そもそも、秘密なるものの起源はどこにあるのだろうか、とも考えてみる。原始
時代にさかのぼるのだろうなあ。いや、もっと前なのかもしれない。食料をさがし
て野山をうろついていたころなんだろうなあ。食料を求めるのは楽でなく、しかも
それは有限だ。その所在を他に知らせることは自己の損失。餓死につながりかねな
い。そんなことから、自己、家族、部族と何重もの秘密がうまれてきたのではない
だろうか。
有限なものをめぐって争うとなると、その競争相手を殺さなければならない。
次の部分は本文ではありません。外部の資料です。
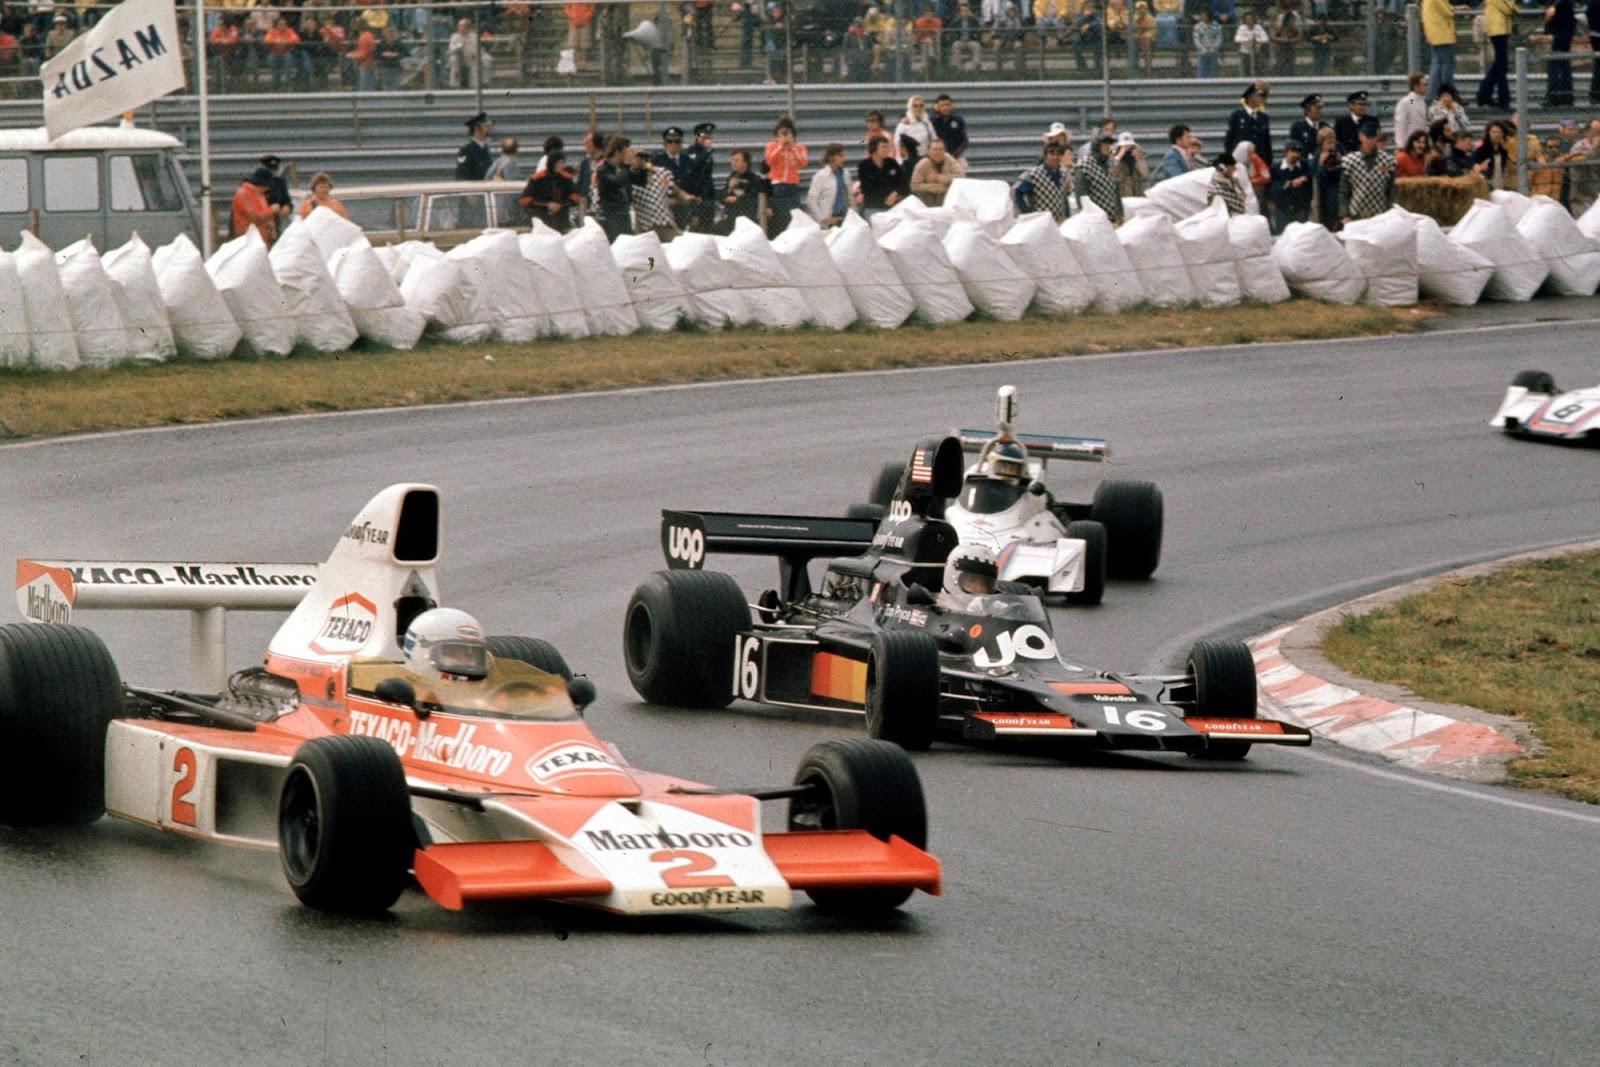 Hunt, Lauda and Pryce at the 1975 Dutch Grand Prix.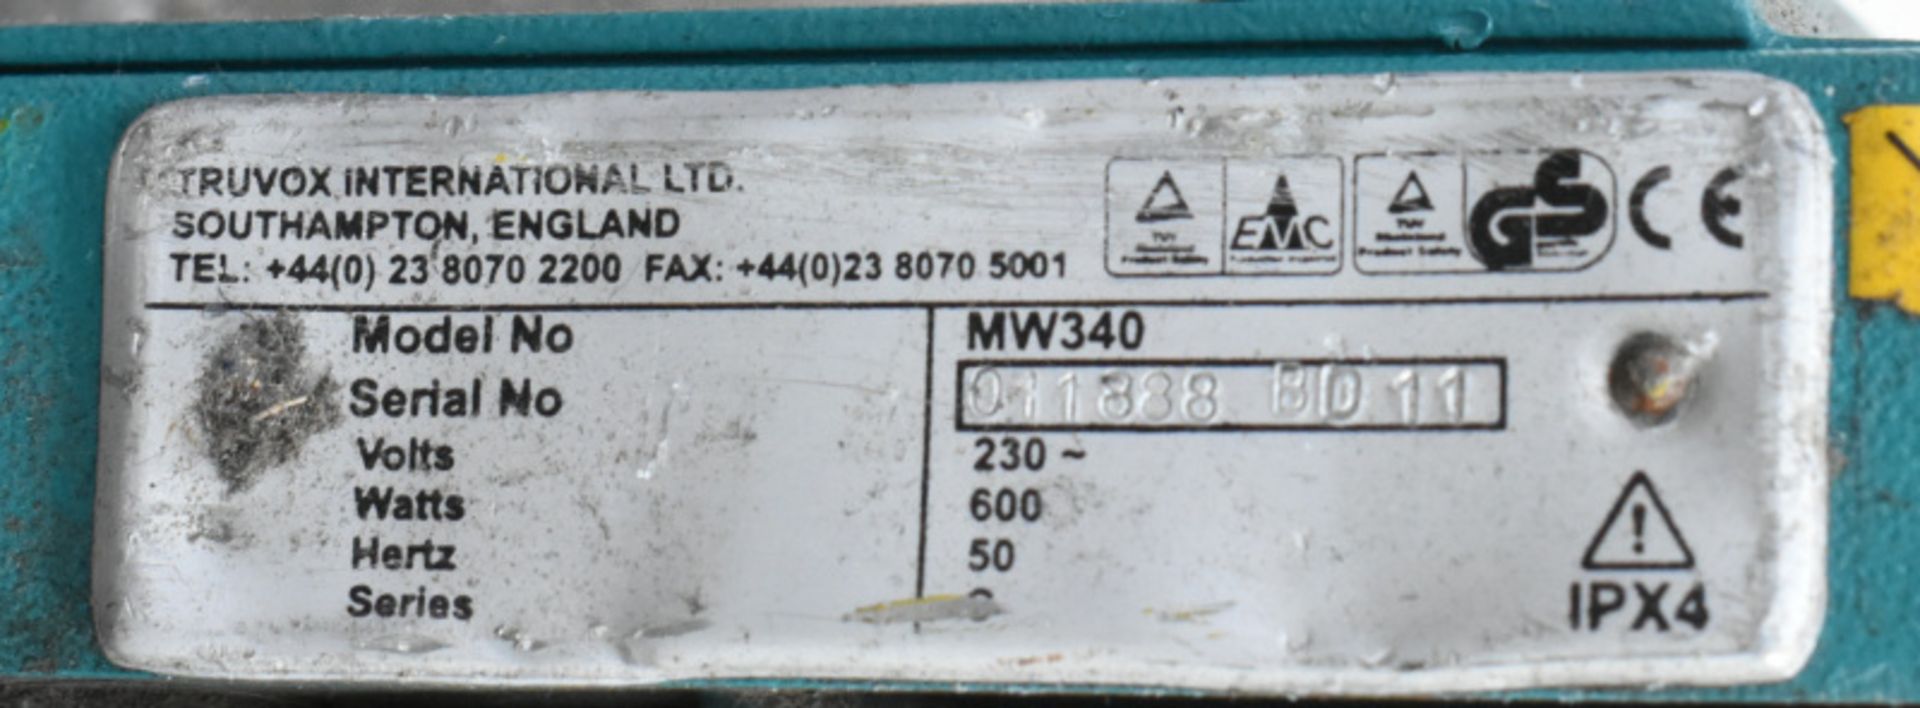 2 x Truvox Multiwash Floor Scrubber Dryer, Model- MW340 - Image 5 of 6

さ
もなければ所在を秘密にするかだ。どちらをえらぶかの岐路に立ち、人類は殺しで
なく秘密のほうをえらんだ。これが文明のはじまりじゃないのだろうか。殺しは強
さだけできまる。原理は弱肉強食だけだ。しかし、秘密となると、強さではない。
くふうがいるのだ。最初はちょっとしたくふうですむが……。
火や道具の発明なんかより、秘密ということの発明のほうが大問題だったろうな
。だから旧約聖書でも、人類最初の事件はエデンの園で禁断の果実を食うことなの
だ。神に対して秘密を持ったという象徴なのだろう。